Office culture has gone through many changes over the last century, and the hybrid and remote work movement is just one of many cultural shifts that workplaces have adapted to. Other cultural shifts leading up to the pandemic included a much stronger focus in the 2010s on diversity and inclusion in the workplace. The last decade saw a determined and consistent push by many affected parties to examine the elements of the workplace that were unfair, racist, sexist, xenophobic, non-inclusive, unjust, dangerous, and/or unkind.

When problems of inclusion are visible and quantifiable (for instance, an unofficial boys' club that heads to the pub weekly and discusses valuable work matters in a clannish, exclusionary manner) there are obvious symptoms of dysfunction for leaders to identify and correct. But when work is online and conducted over remote tools, just identifying and recognizing problems can be difficult for managers and leaders.

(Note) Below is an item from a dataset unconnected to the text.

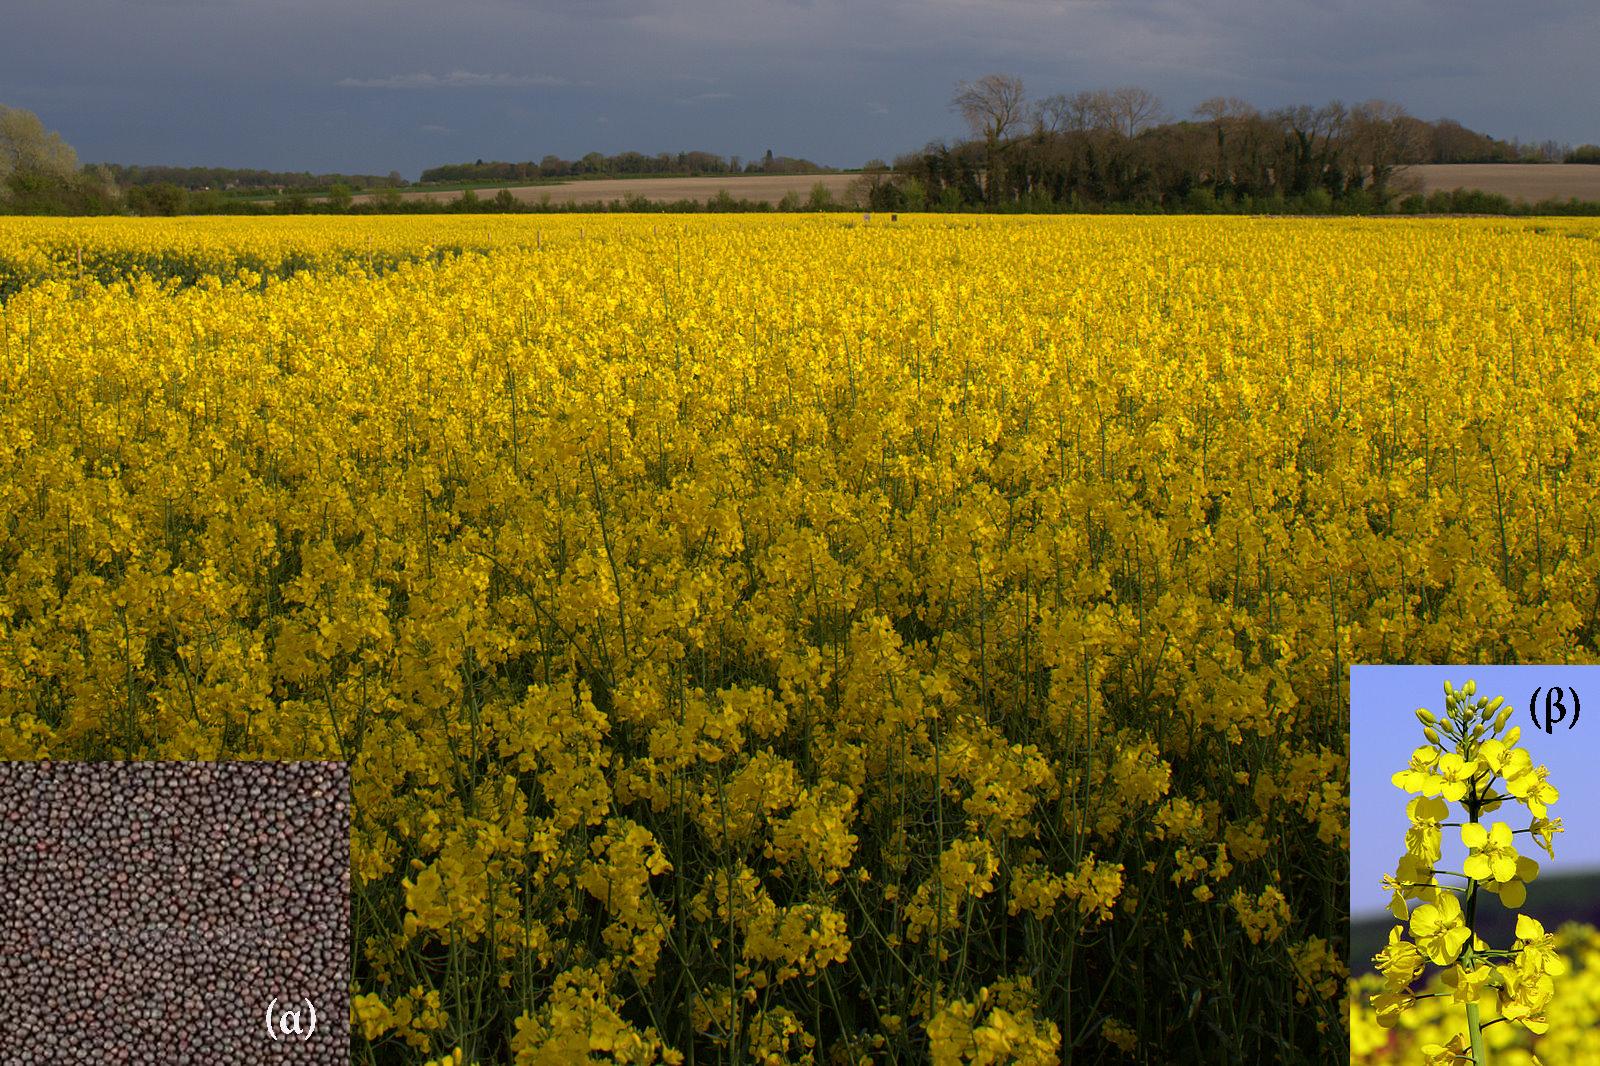 Εικόνα 1:Καλλιέργεια ελαιοκράμβης (α) σπόροι, (β) άνθη

We’ll be interested to hear what Andrea Robb, Co-founder at Vibrancy; Dethra Giles, CEO at ExecuPrep; and Amina Moreau, CEO at Radious.pro have to say about diversity and inclusion on their panel.

Our Big Question: What are the panelists hearing directly from affected parties about issues of diversity and inclusion? We hope to learn some thoughtful insider knowledge on what we might be missing out on, as people face diversity and inclusion issues in the workplace this year.

Tomorrow, we hope to get some answers to our big questions and share what we are hearing not just on the panels, but in the hallways and around the catering table at lunch.